Nor can we believe that the chief participator in the events thus detailed could have perpetrated such conflicting statements regarding them. But, moreover, the evidence respecting the authorship of the first of the five books is entirely negative; and it is as reasonable to suppose that the Pentateuch was compiled by the chronicler of the death of Moses, as that it was written by Moses himself. Indeed, as it appears that the balance of evidence is unfavourable to the assumption that this so-called historian was the recorder of his alleged contemporary history, the supposition, that he was the author of anything at all prior to that of his own era, is still more improbable. But with reference to the historical authenticity of the Pentateuch, the Bishop thus qualifies his remarks, a qualification which we do not wholly endorse, but which we here append, as M. H. has wholly confined himself to a narrow and unscrupulous attack upon the Bishop's "Critical Examination," without advancing any independent defence of his own orthodox position as affirmator:

"I wish to repeat here most distinctly that my reason for no longer receiving the Pentateuch as bistorically true, is not that I find insuperable difficulties with regard to the miracles, or supernatural revelations of Almighty God, recorded in it, but solely that I cannot, as a true man, consent any longer to shut my eyes to the absolute, palpable self-contradiction of the narrative. The notion of miraculous or supernatural interference does not present to my own mind the difficulties which it seems to present to some. I could believe and receive the miracles of Scripture heartily, if only they were authenticated by a veracious history; though, if this is not the case with the Pentateuch, any miracles which rest upon such unstable support must necessarily fall to the ground with it."-P. 10.

And the Doctor thus further epitomises the result of his investigation regarding the historical character of the Pentateuch generally:

"The result of my inquiry is this, that I have arrived at the convictionas painful to myself at first as it may be to my reader, though painful now no longer under the clear shining of the Light of Truth-that the Pentateuch, as a whole, cannot possibly have been written by Moses, or by any one acquainted personally with the Mosaic narrative, by whomsoever written, and though imparting to us, as I fully believe it does, revelations of divine will and character, cannot be regarded as historically true.
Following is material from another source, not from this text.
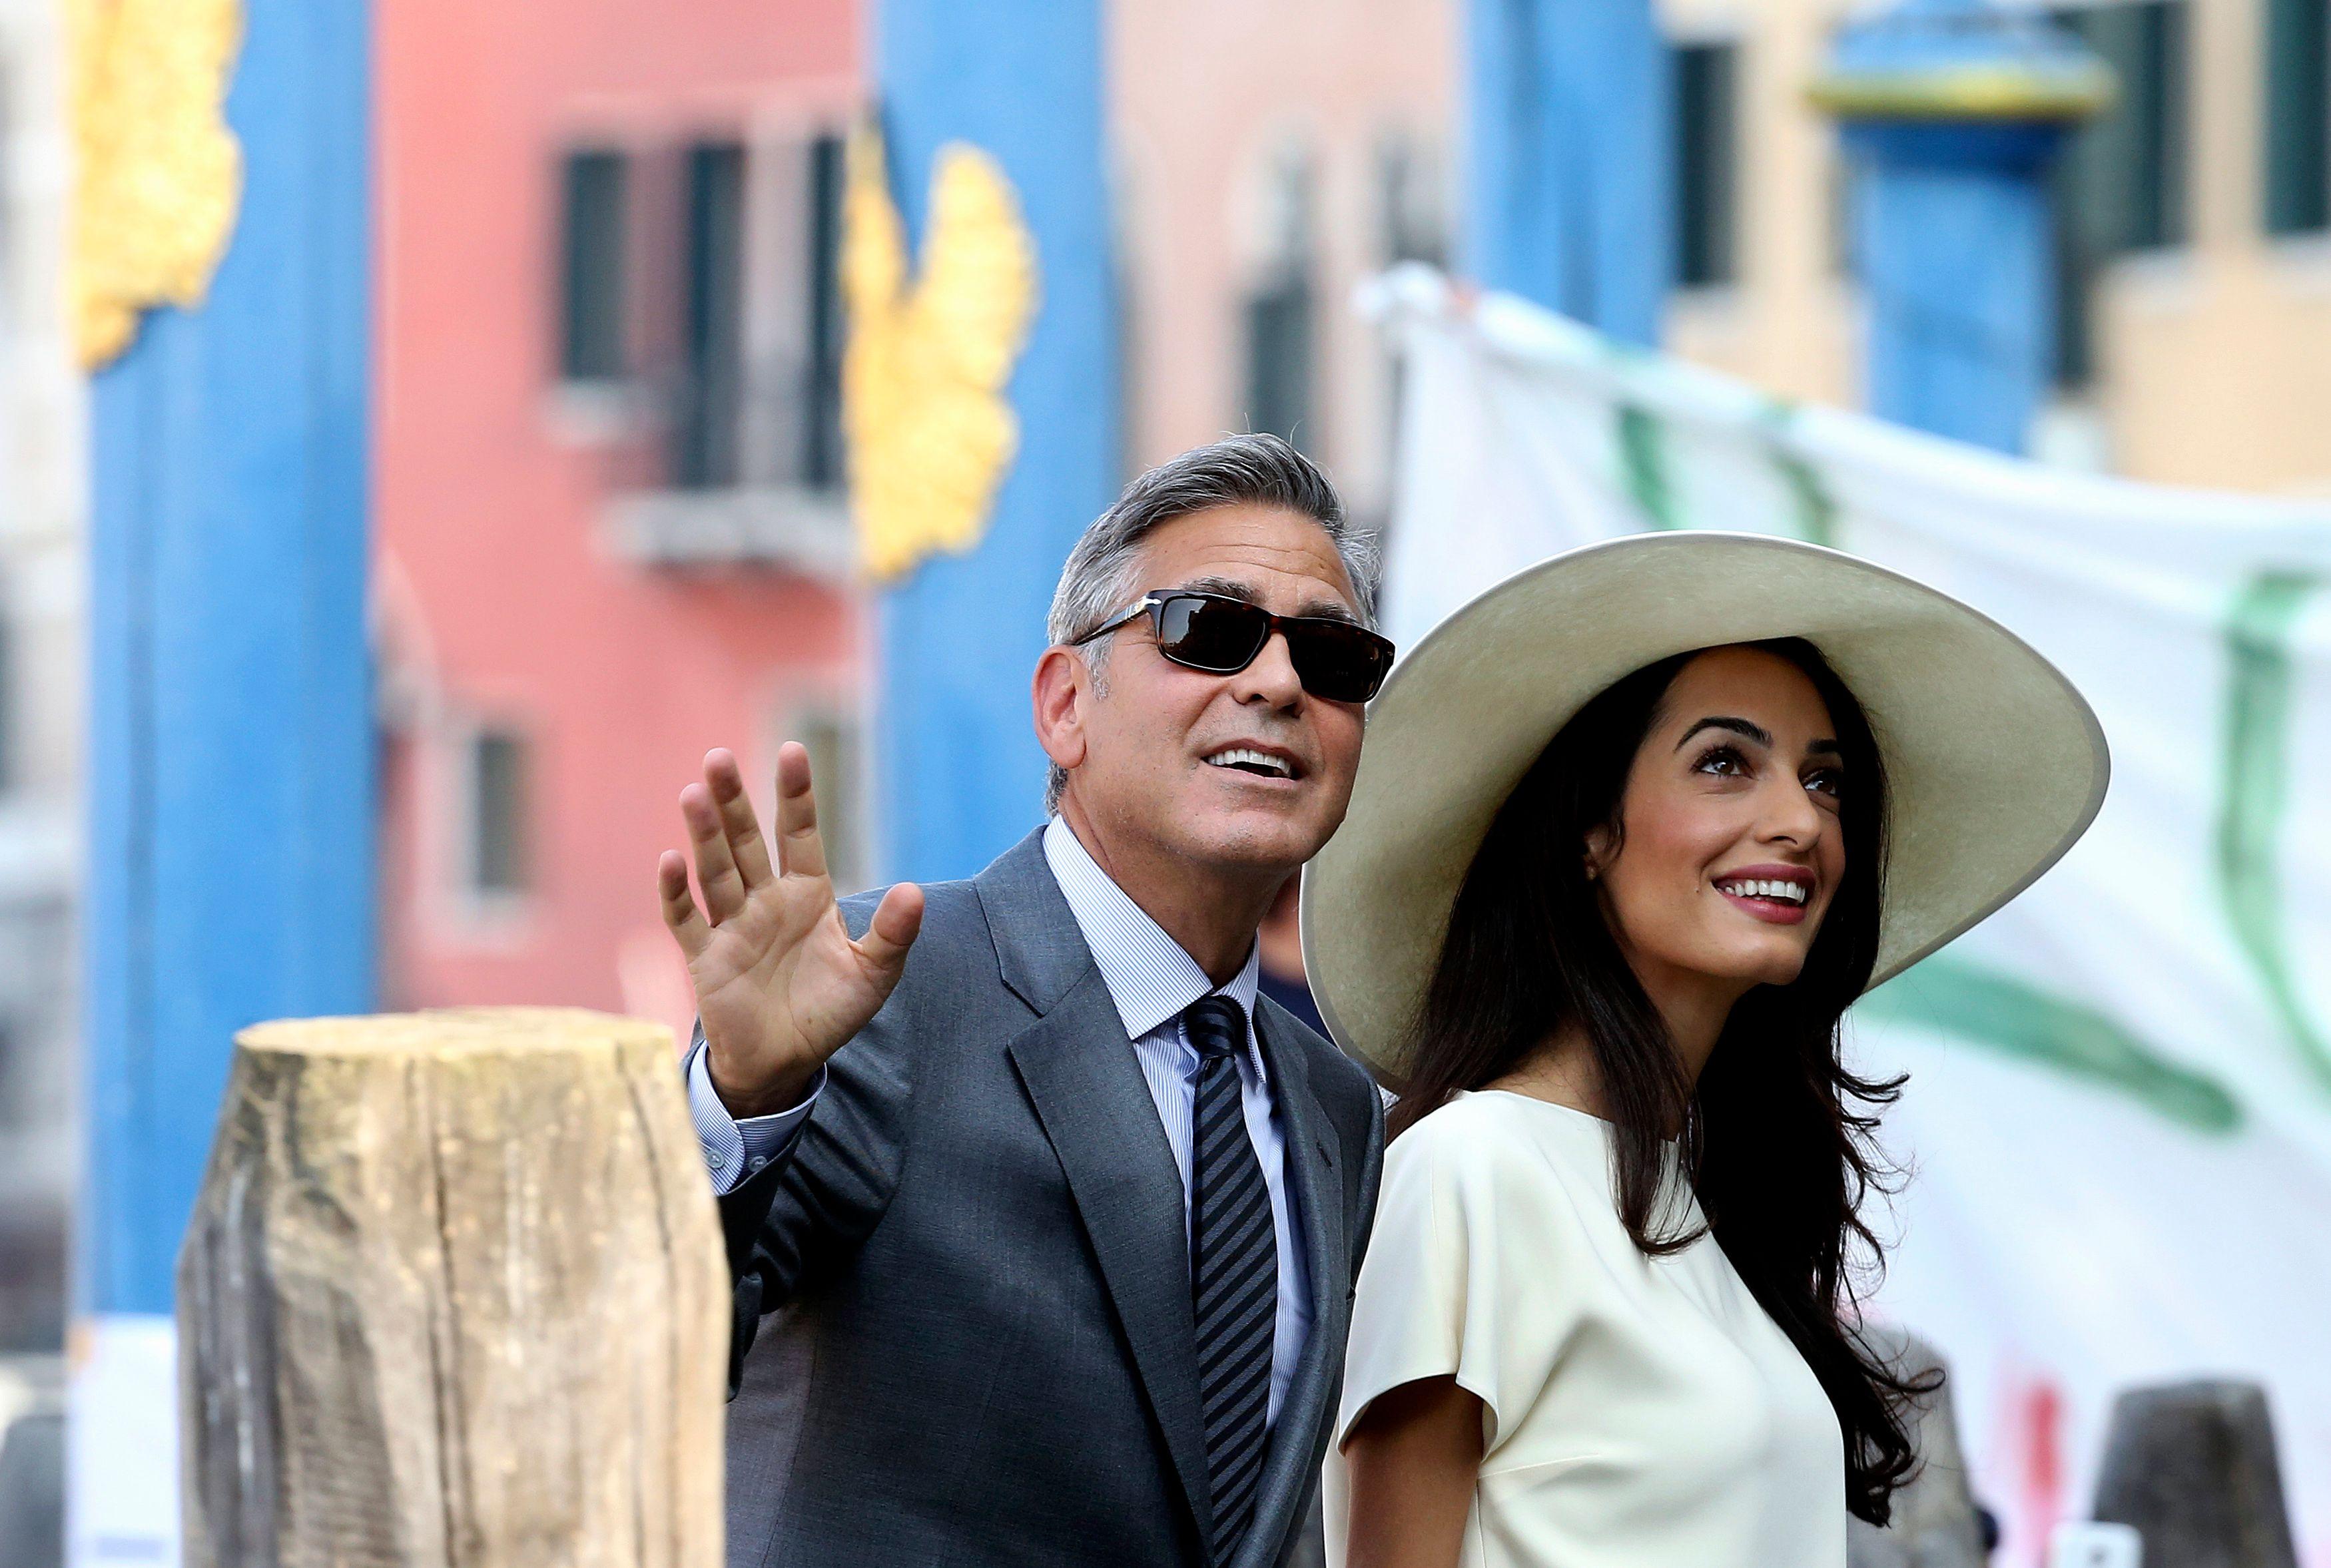 George et Amal Clooney pourront installer des caméras dans leur propriété anglaise de Sonning Eye

"Let it be observed that I am not here speaking of a number of petty variations and contradictions, such as, on closer examination, are found to exist throughout the books, but which may be in many cases sufficiently explained, by alleging our ignorance of all the circumstances of the case, or by supposing some misplacement, or loss, or corruption, of the original manuscript, or by suggesting that a later writer has inserted his own gloss here and there, or even whole pasages, which may contain facts or expressions at variance with the true Mosaic Books, and throwing an unmerited suspicion upon them. However perplexing such contradictions are, when found in a book which is believed to be divinely infallible, yet a humble and pious faith will gladly welcome the aid of a friendly criticism, to relieve it in this way of its doubts. I can truly say that I would do so heartily myself. Nor are the difficulties, to which I am now referring, of the same kind as those which arise from considering the accounts of the Creation and the Deluge (though these of themselves are very formidable), or the stupendous character of certain miracles, as that of the sun and moon standing still-or the waters of

the river Jordan standing in heaps as solid walls, while the stream, we must suppose, was still running,-or the ass speaking with human voice, or the miracles wrought by the magicians of Egypt, such as the conversion of a rod into a snake, and the latter being endowed with life. They are not such, even, as are raised, when we regard the trivial nature of a vast number of conversations and commands, ascribed directly to Jehovah, especially the multiplied ceremonial minutiæ, laid down in the Levitical Law. They are not such, even, as must be started at once in most pious minds, when such words as these are read, professedly coming from the Holy and Blessed One, the Father and Faithful Creator' of all mankind:"If the master (of a Hebrew servant) have given him a wife, and she have borne him sons or daughters, the wife and her children shall be her master's, and he shall go out free by himself,' Exod. xxi. 4.

"The wife and children in such a case being placed under the protection of such other words as these:

"If a man smite his servant, or his maid with a rod, and he die under his hand, he shall be surely punished. Notwithstanding, if he continue a day or two, he shall not be punished: for he is his money,' Exod. xxi. 20, 21."-Pp. 8, 9.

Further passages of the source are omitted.